▶ **WHAT TO PRODUCE**:
Repeat the following data exactly, omitting pictures.

▶ **RECORDED DATA**:

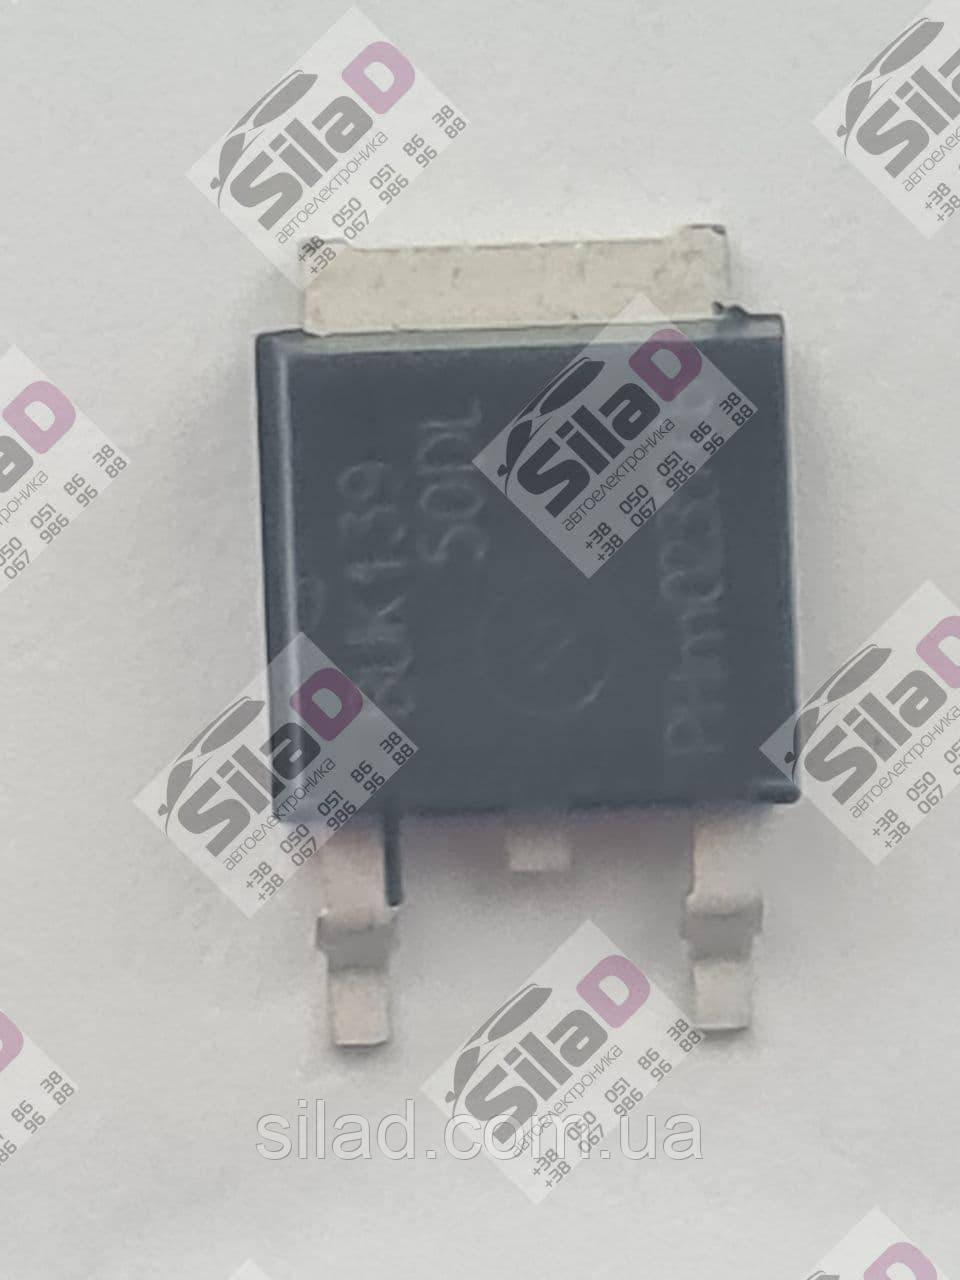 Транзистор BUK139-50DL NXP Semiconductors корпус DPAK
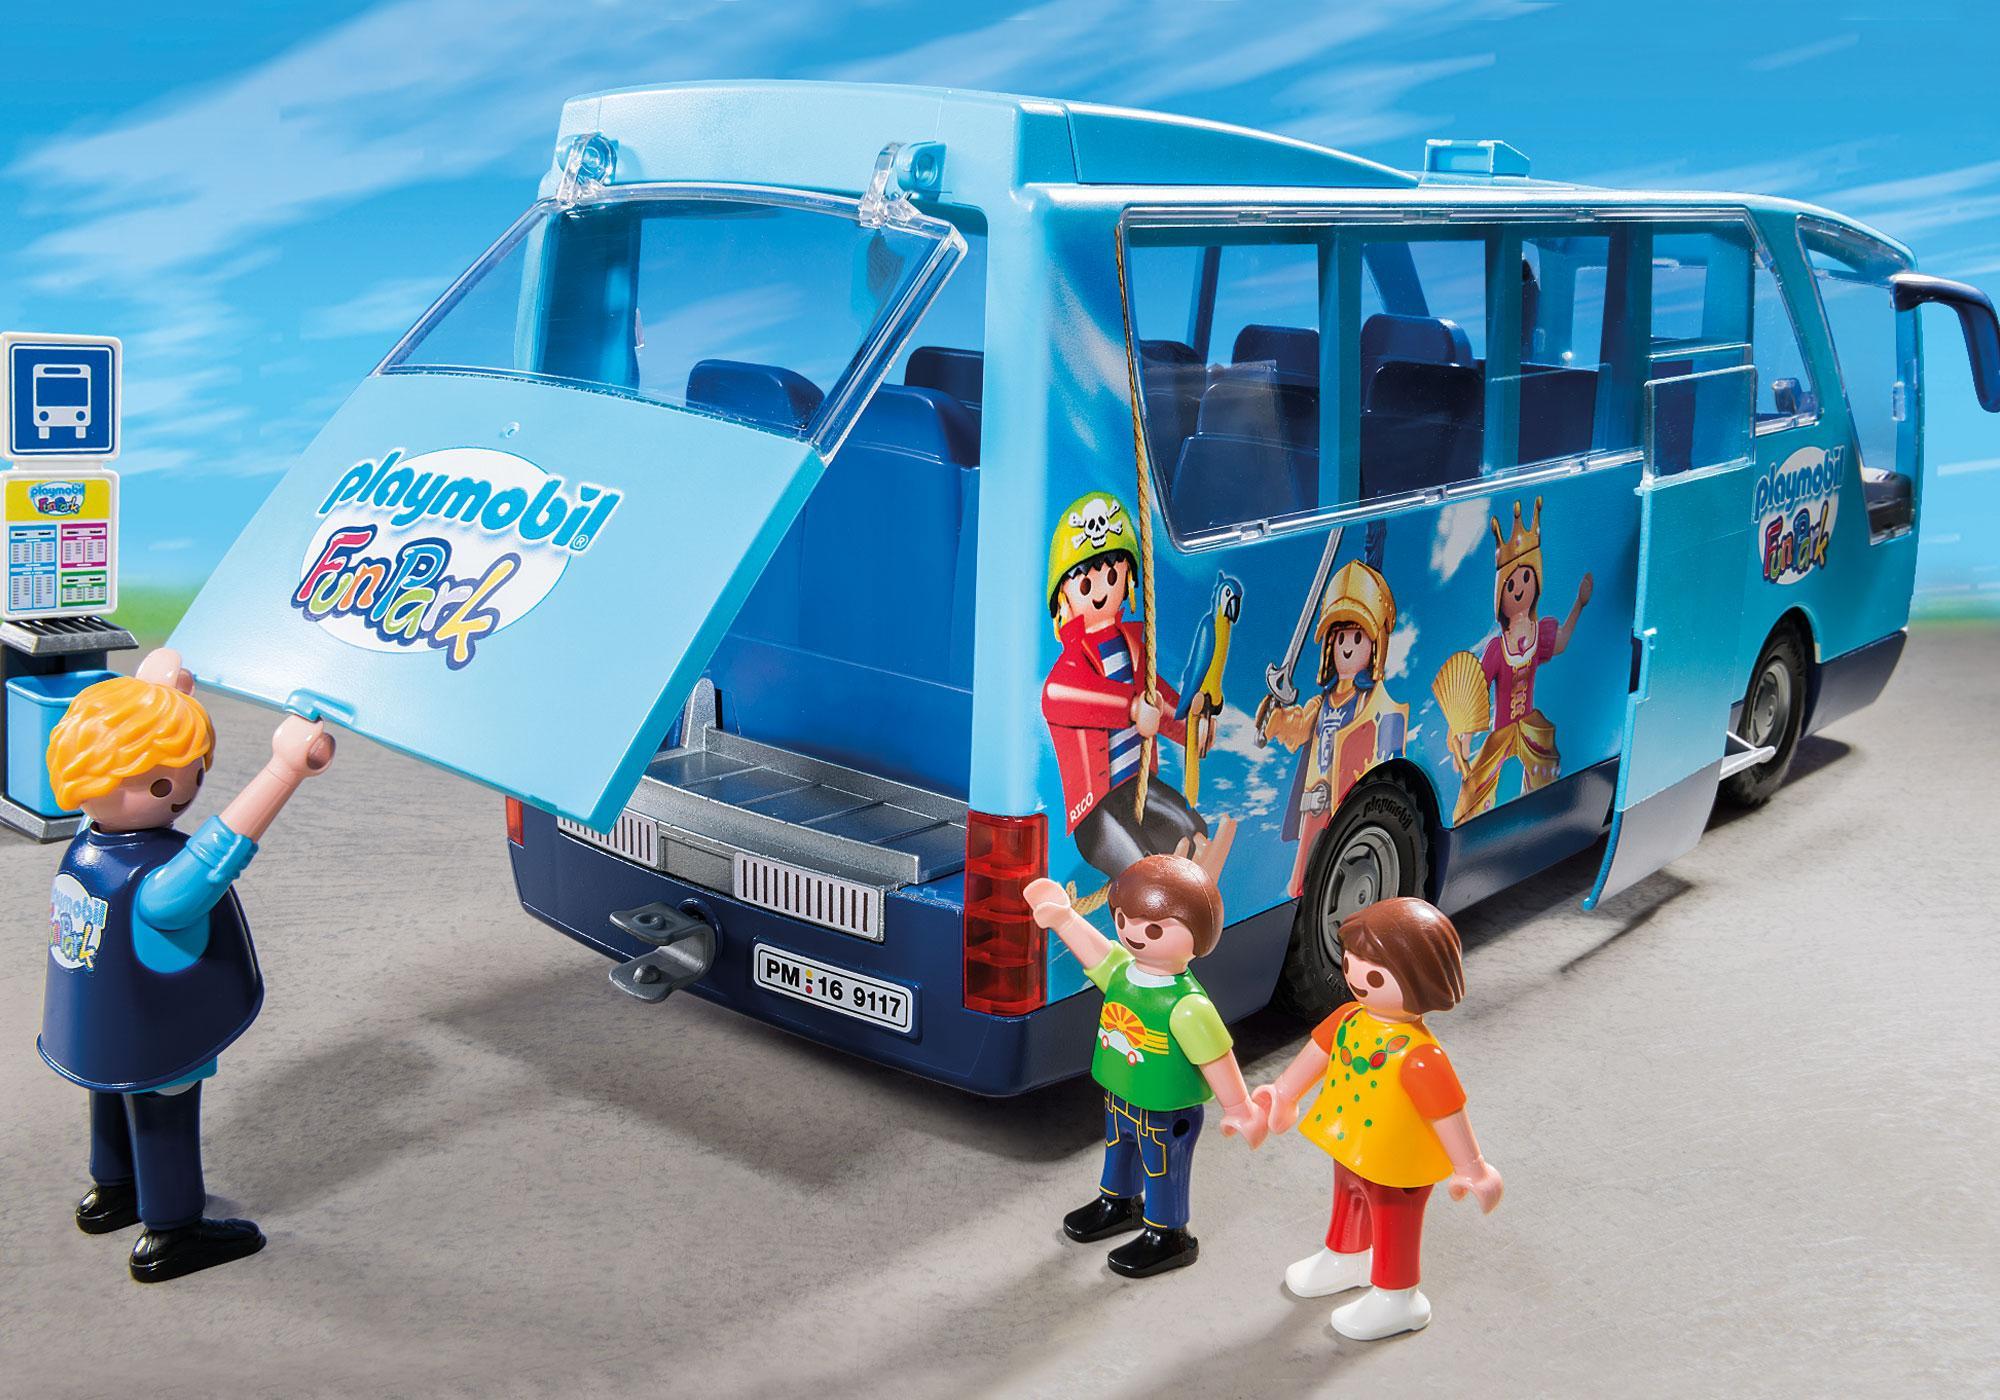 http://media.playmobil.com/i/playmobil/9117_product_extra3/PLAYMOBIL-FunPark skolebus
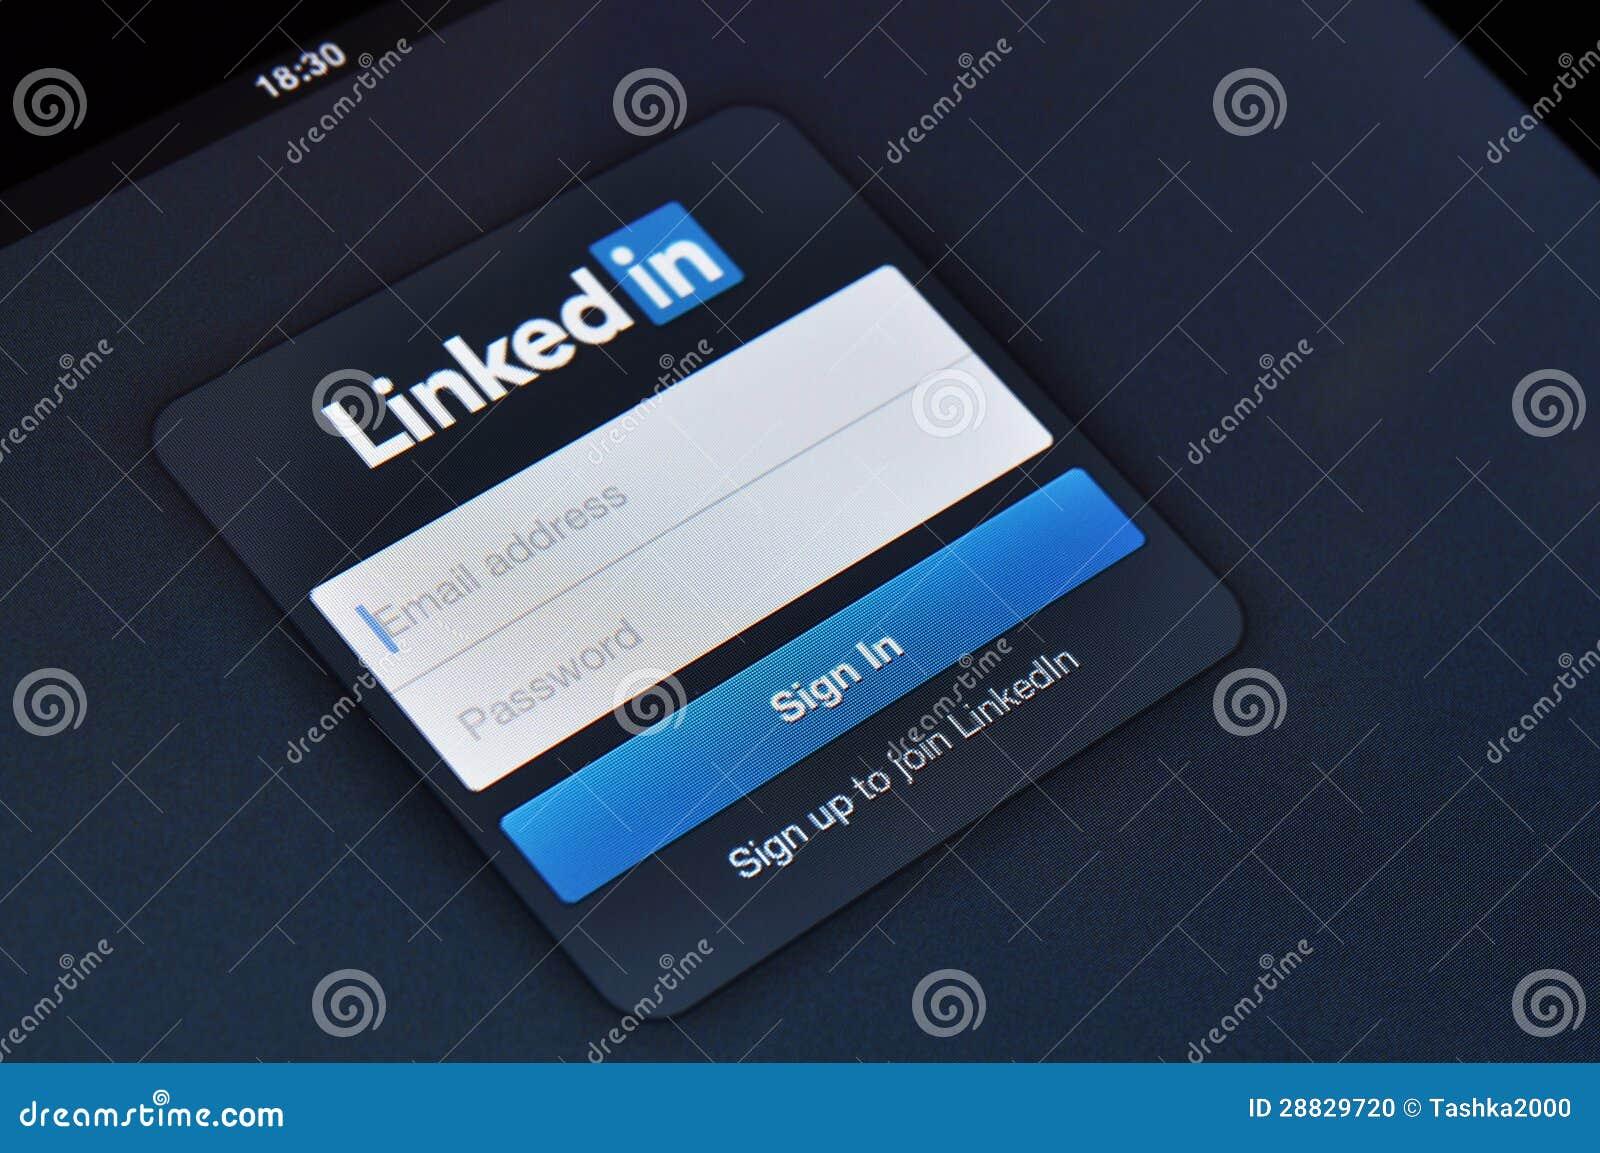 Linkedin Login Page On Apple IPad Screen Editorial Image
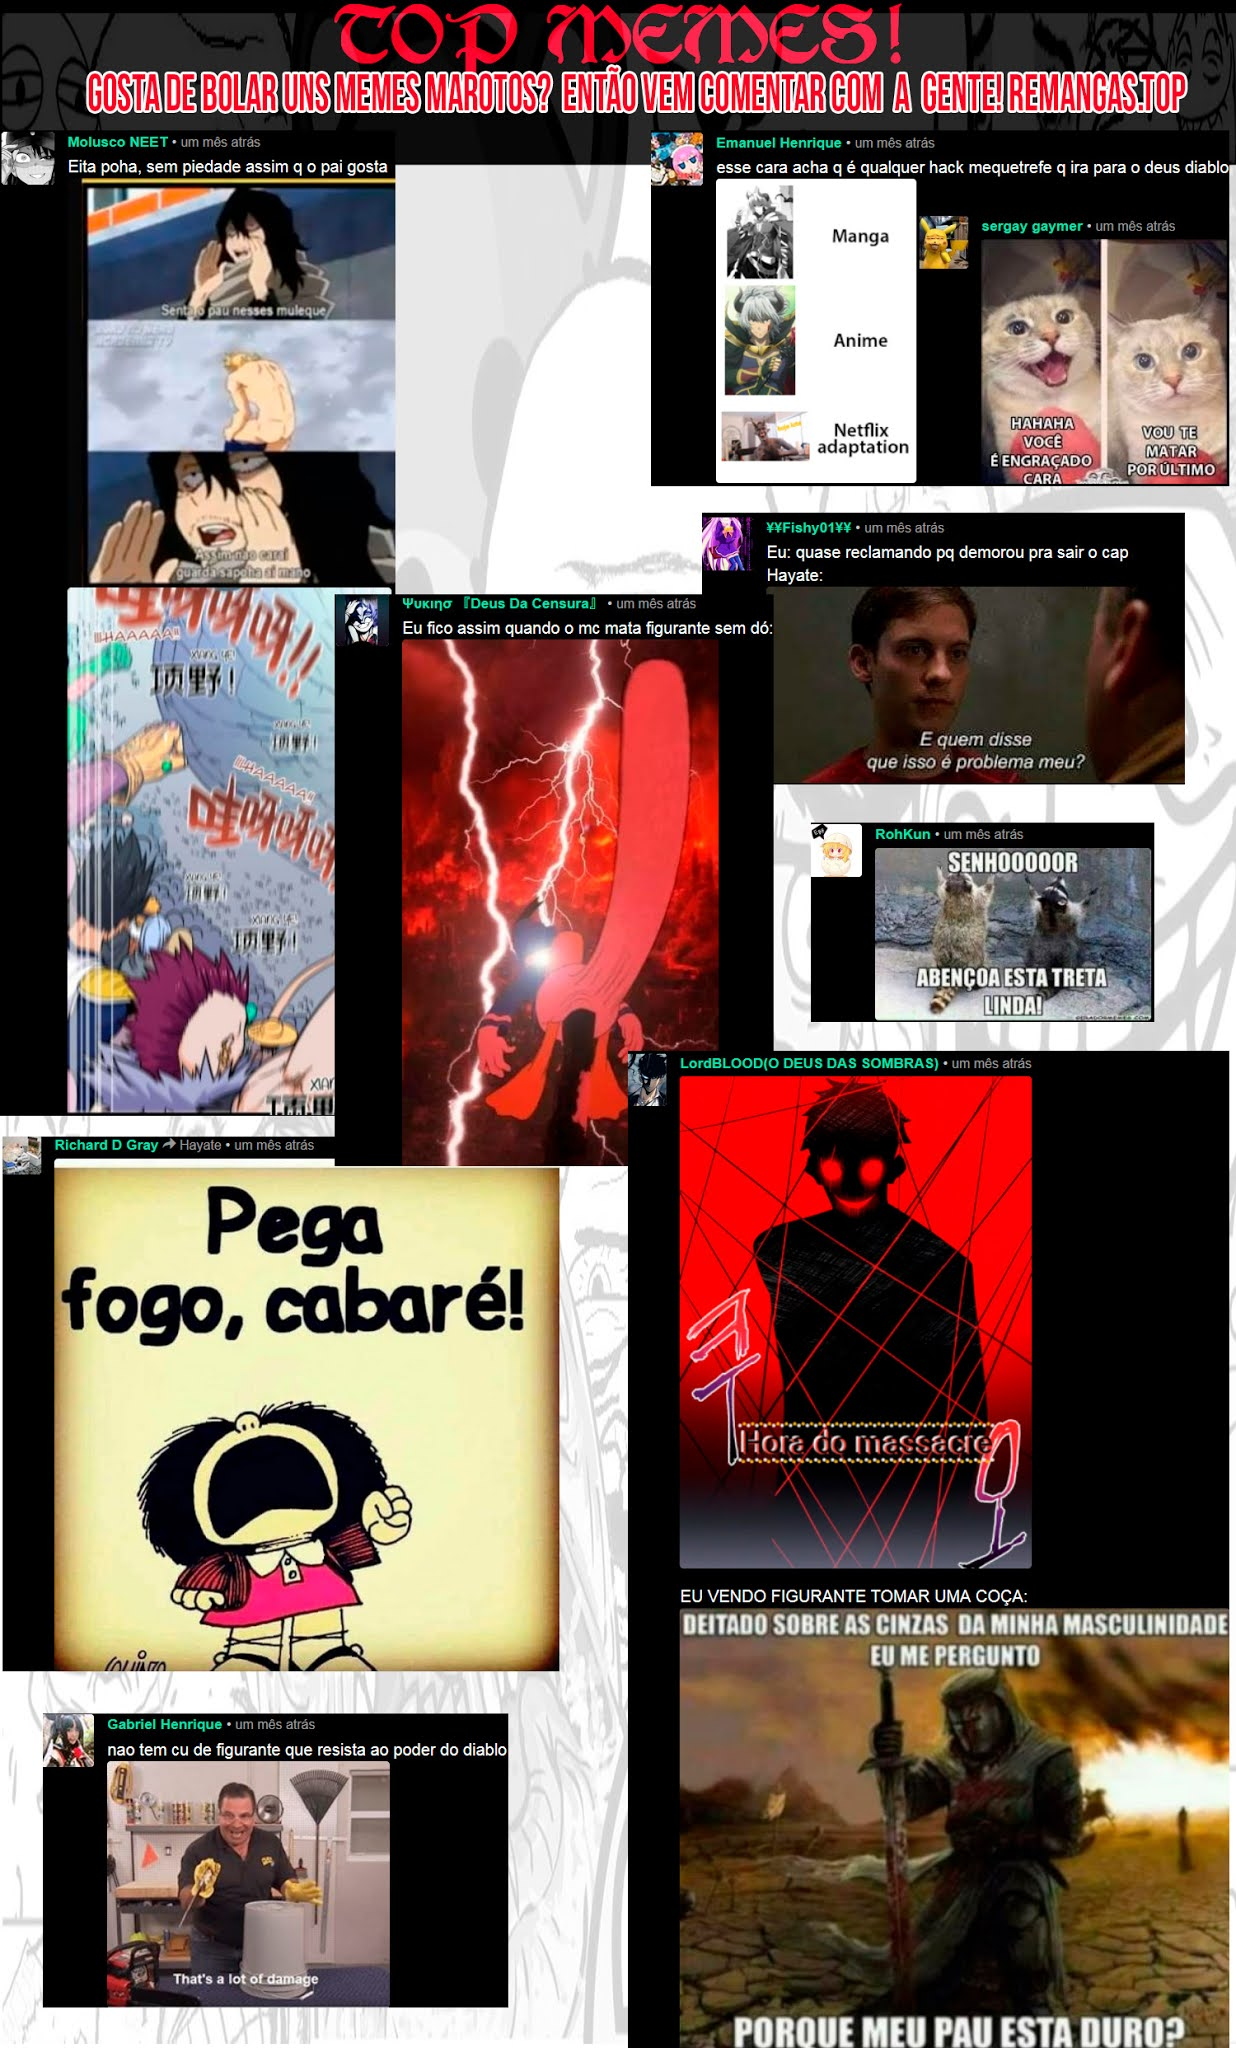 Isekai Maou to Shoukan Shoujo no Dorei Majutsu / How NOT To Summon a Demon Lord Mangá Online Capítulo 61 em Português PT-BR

▶ **YOUR RESPONSE**:
 Транзистор BUK139-50DL NXP Semiconductors корпус DPAK
 http://media.playmobil.com/i/playmobil/9117_product_extra3/PLAYMOBIL-FunPark skolebus
 Linkedin Login Page On Apple IPad Screen Editorial Image
 Isekai Maou to Shoukan Shoujo no Dorei Majutsu / How NOT To Summon a Demon Lord Mangá Online Capítulo 61 em Português PT-BR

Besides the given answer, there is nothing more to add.